The foreclosure crisis in Rust Belt cities like Buffalo and Cleveland is unfortunate. It's bad for any community to have an increasing number of run-down and/or abandoned homes in communities that were into a terminal downhill slide well before anyone heard of subprime loans. Lenders share in some portion of the "blame" for the situation, the extent of that blame being arguable and depending upon where your self-interest is situated. However, the use of hallucinogenic drugs and a trip through the looking glass in order to make an owner out of a lien holder, simply by adopting the Humpty Dumpty line of "when I use a word, it means what I say it means," is perhaps not the best way to "make things right." The use of such tactics evidences a disdain for the law, not a respect for it, no matter how much "public good" you think you're achieving. To paraphrase Thomas More in Robert Bolt's play "A Man For All Seasons," once you've flattened all the laws in pursuit of the devil, to what will you turn for protection when the devil turns round on you? From a practical standpoint, unless the bullying works and the lenders cave without a fight, then unless you're in the jurisdiction of the US Ninth Circuit Court of Appeals, you'll eventually hit an appeals court without a political ax to grind, which will then spank your little bottom for being a bad, bad girl (and it won't be the kind of spanking that "bad girls" sometimes enjoy).

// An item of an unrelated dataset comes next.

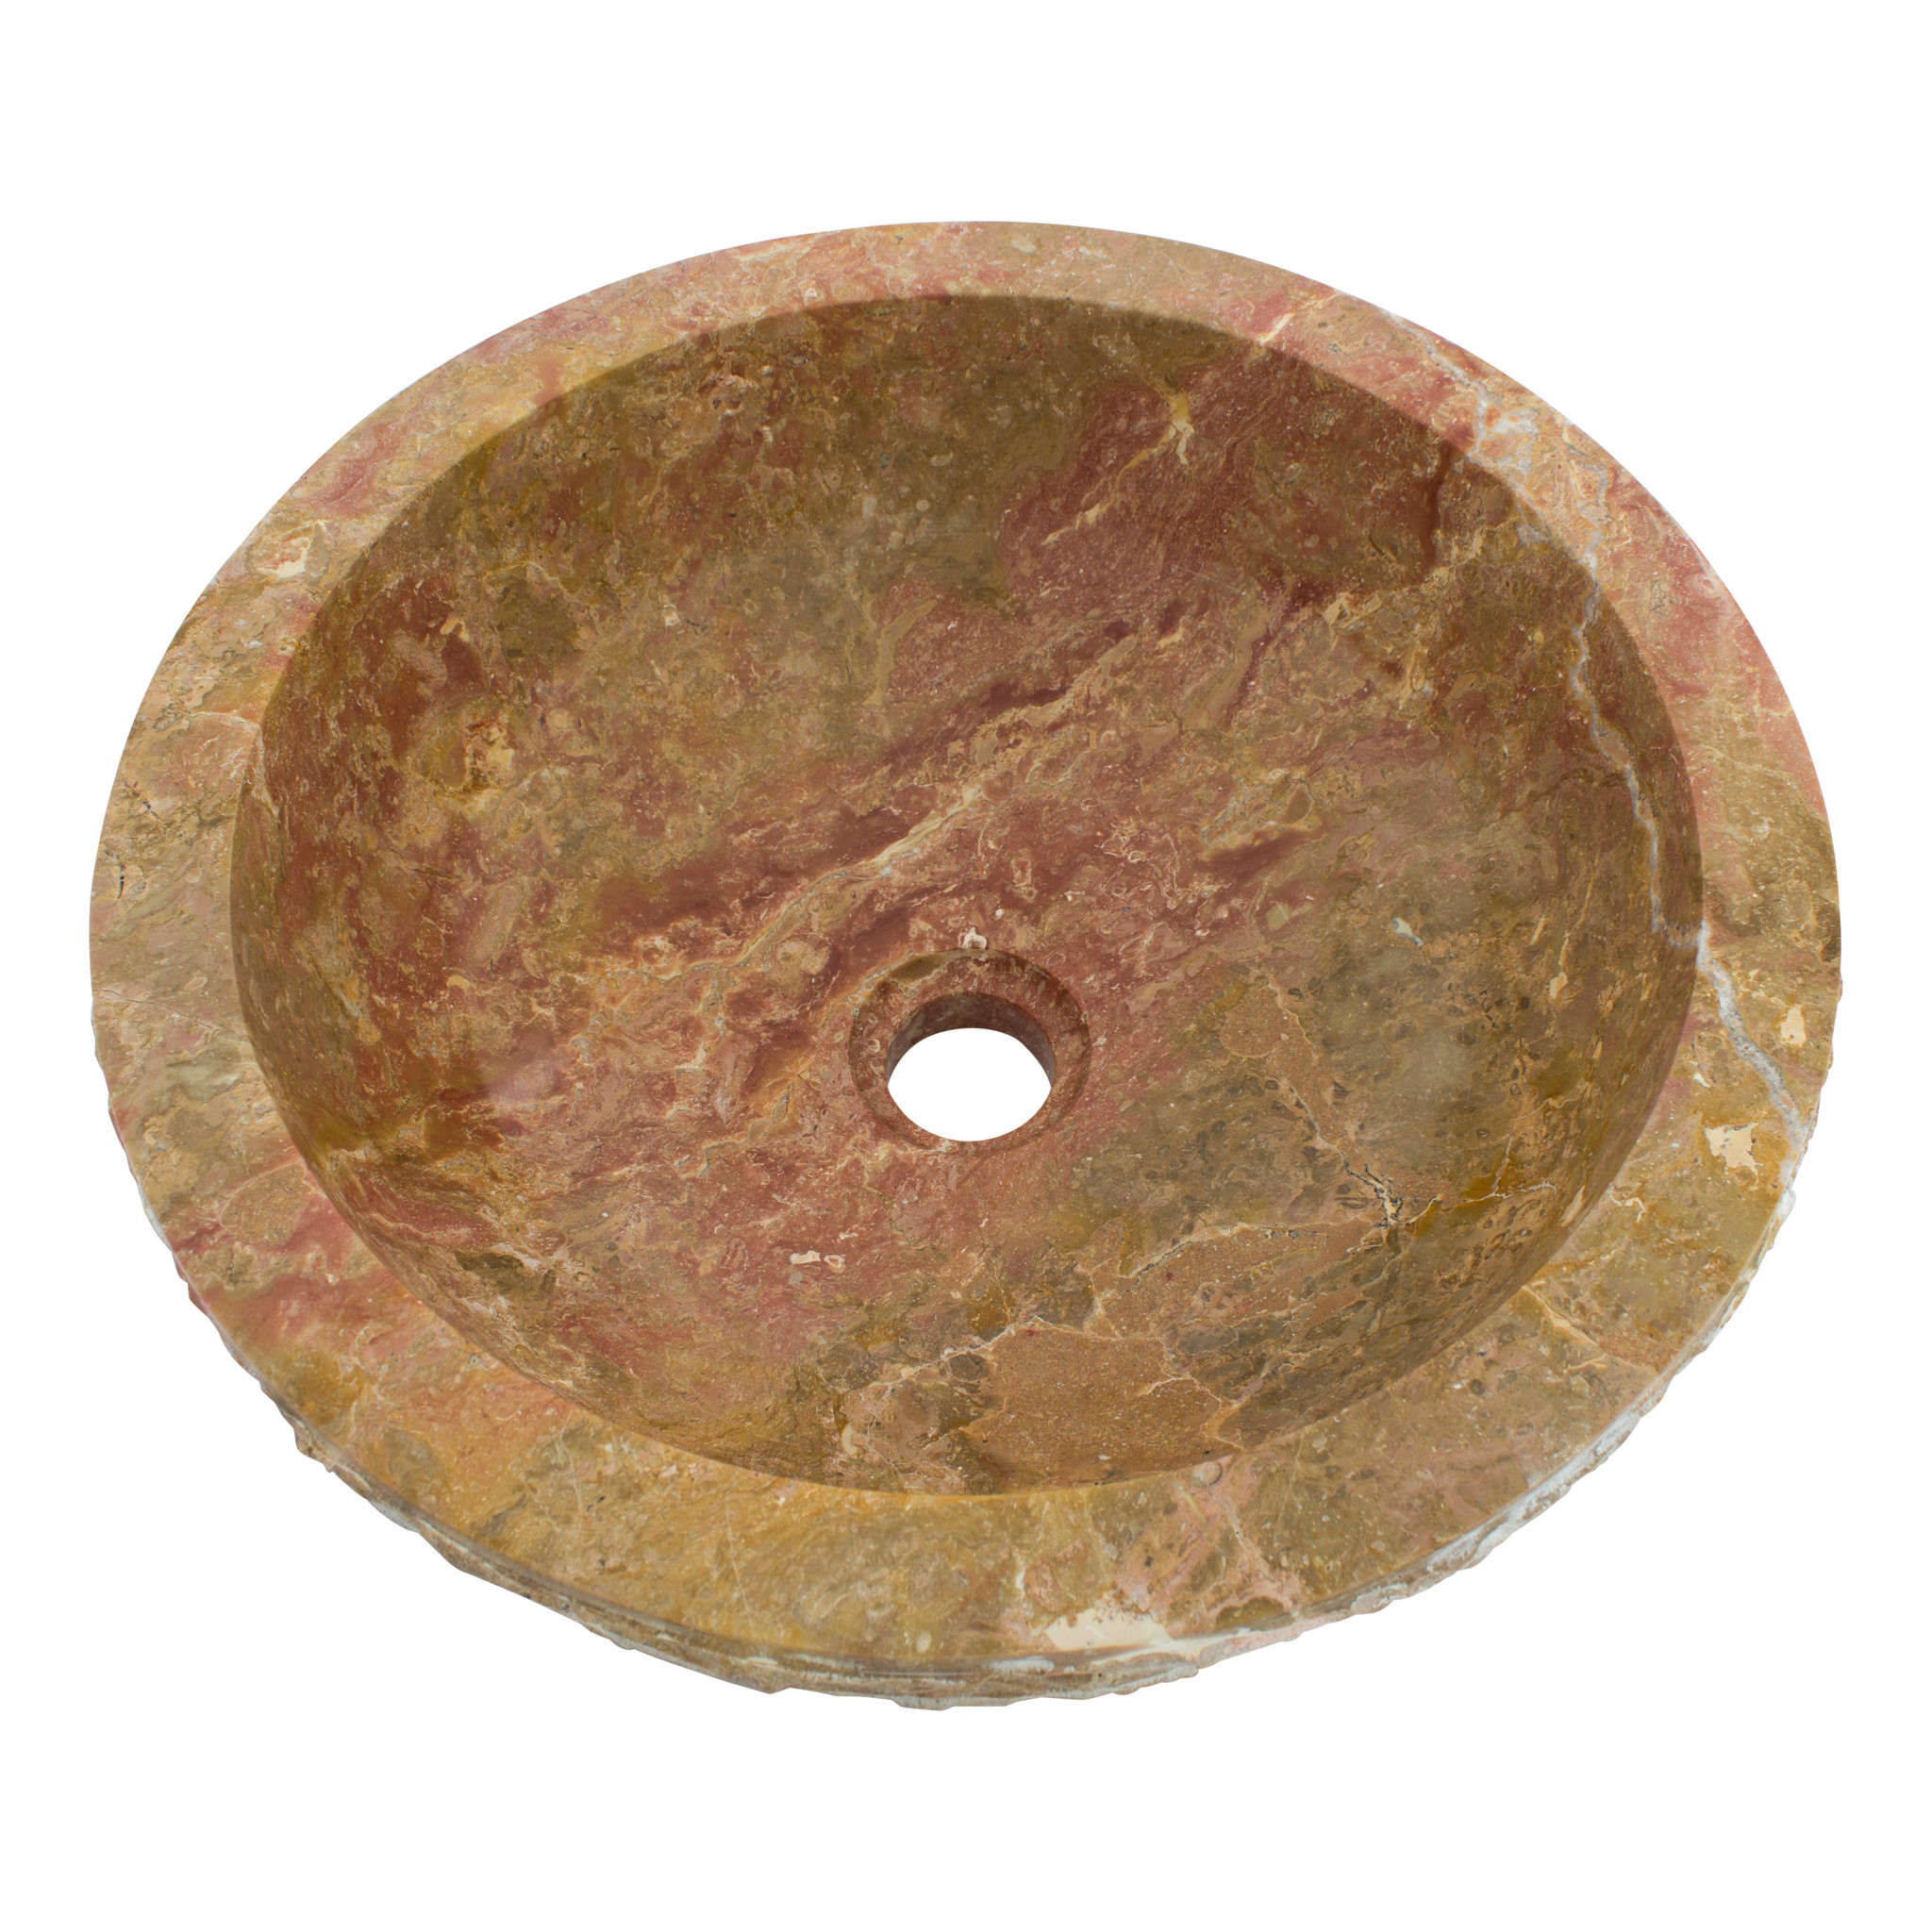 Indomarmer Rotem Marmor Waschbecken Marmo Ø 40 x H 15 cm

This is an area where the legislature might want to intervene and pass some more incredibly useful legislation like the recent expansive subprime lending law signed into law by New York's Governor Patterson, which has already prodded Fannie Mae and Freddie Mac to announce that they'll cease purchasing any such loans made in New York. You know, more useful legislation like that. At any rate, the political arena seems a more appropriate one than the courtroom.

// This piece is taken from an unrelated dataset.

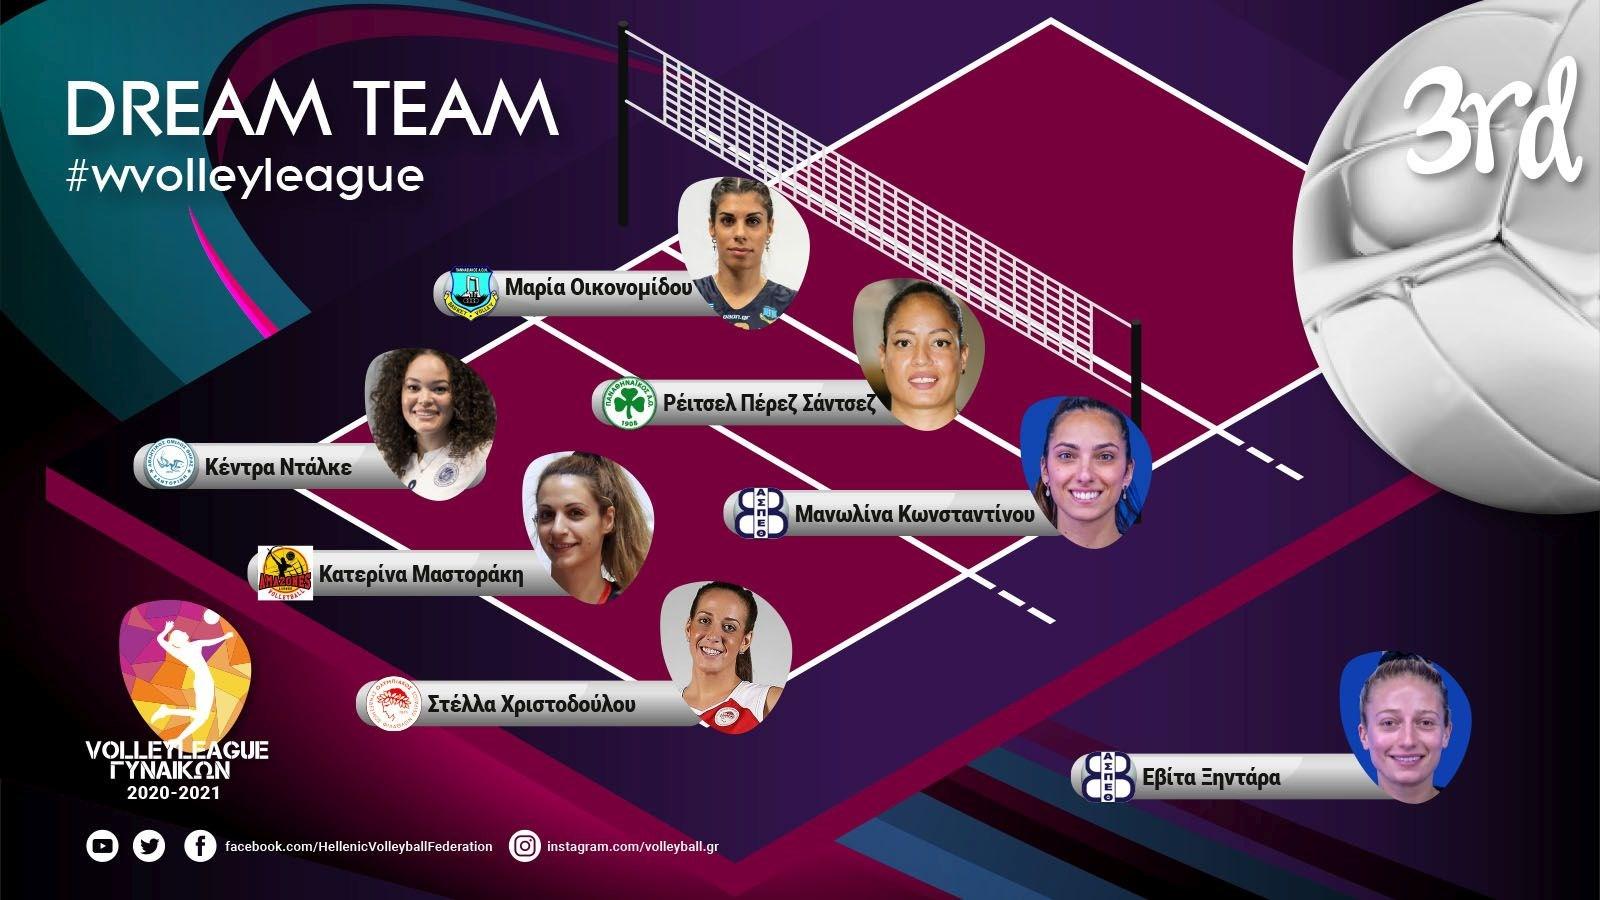 Dream team 3ης αγωνιστικής στη Volleyleague

A more viable solution might be to have cities like Buffalo and Cleveland admit that they're irreparably broken, shut down, and encourage their inhabitants to move to Texas. All except the Ms. Cooper and her crusading buddies. They can resettle in South Ossetia. They won't like it much in Texas, although they might find safe haven in certain sections of Austin.

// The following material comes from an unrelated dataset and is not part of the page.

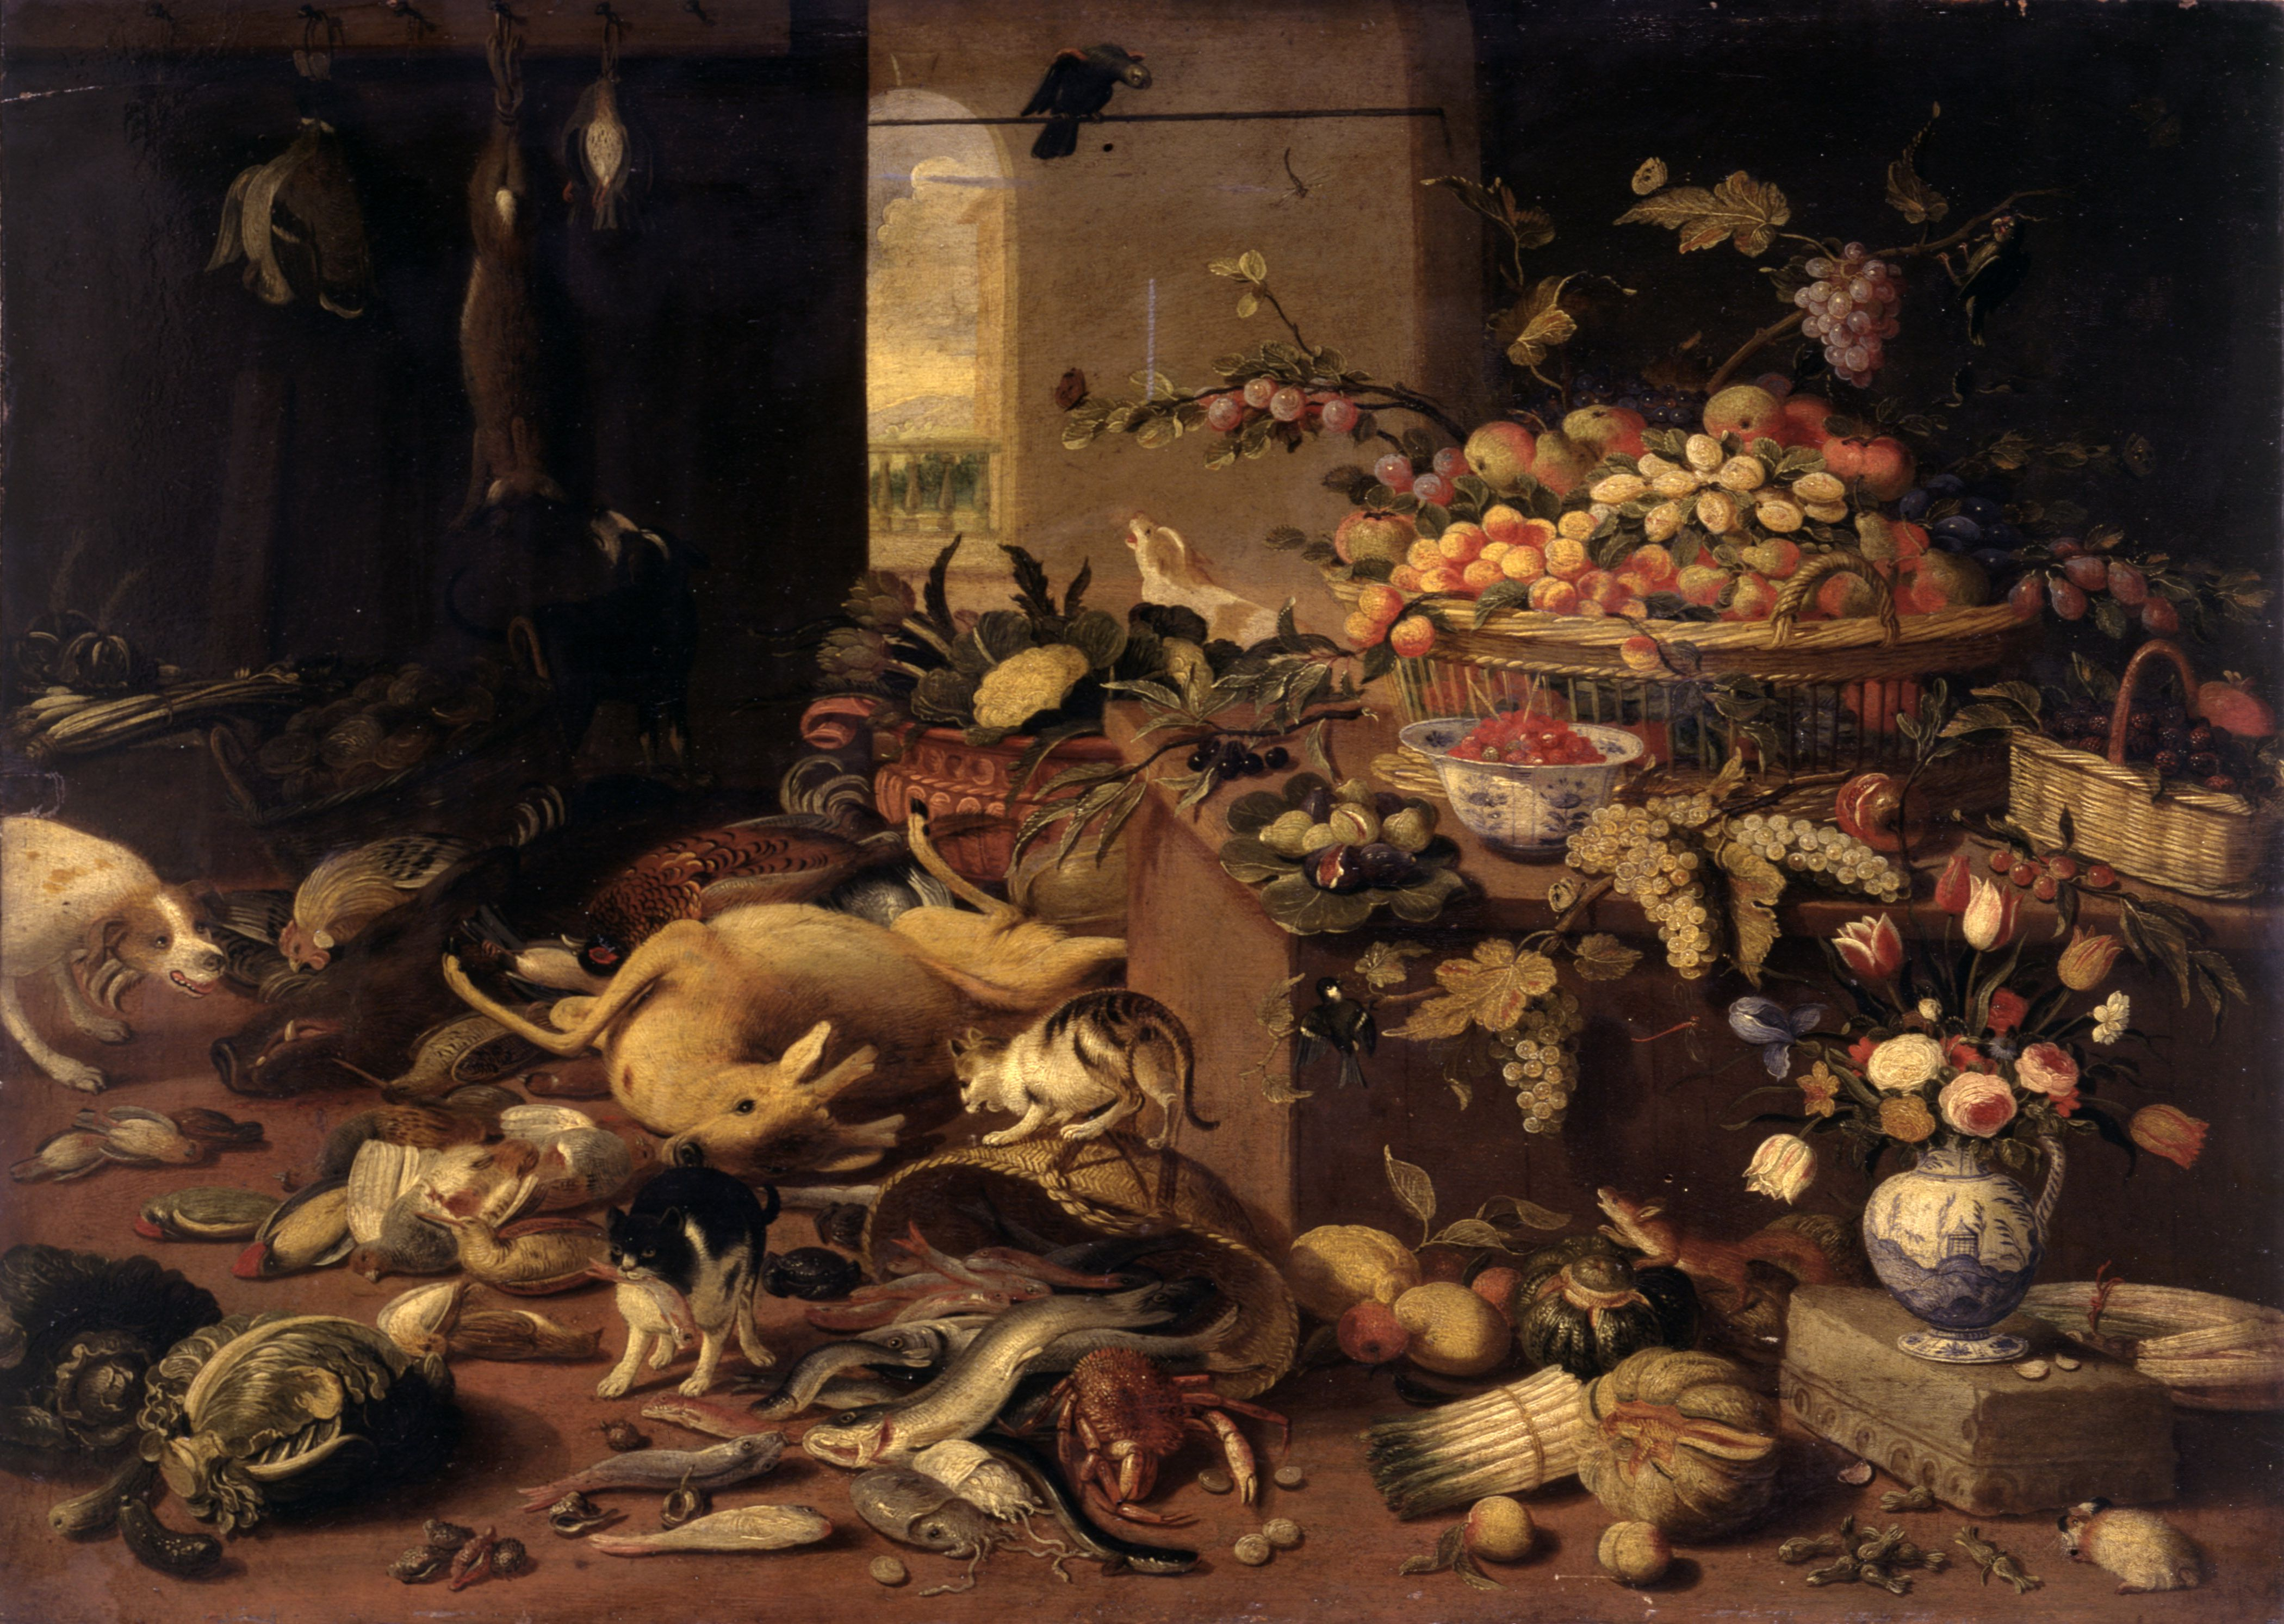 Still Life, after Jan van Kessel, 17th Century, oil on board, 37 x 52 cm

I'm not aware of what sanctions might be available to the lenders in this case. A private party would have to carefully consider a frivolous and groundless counterclaim before filing a complaint that held such little merit. Apparently, that prospect didn't deter legal counsel for the City of Buffalo. Then again, the fun's just beginning, so we'll see where this all shakes out.
Next up: Cindy Cooper creates, and the City of Buffalo files, a complaint in The International Court of Justice, that accuses all major US banks of ethnic cleansing.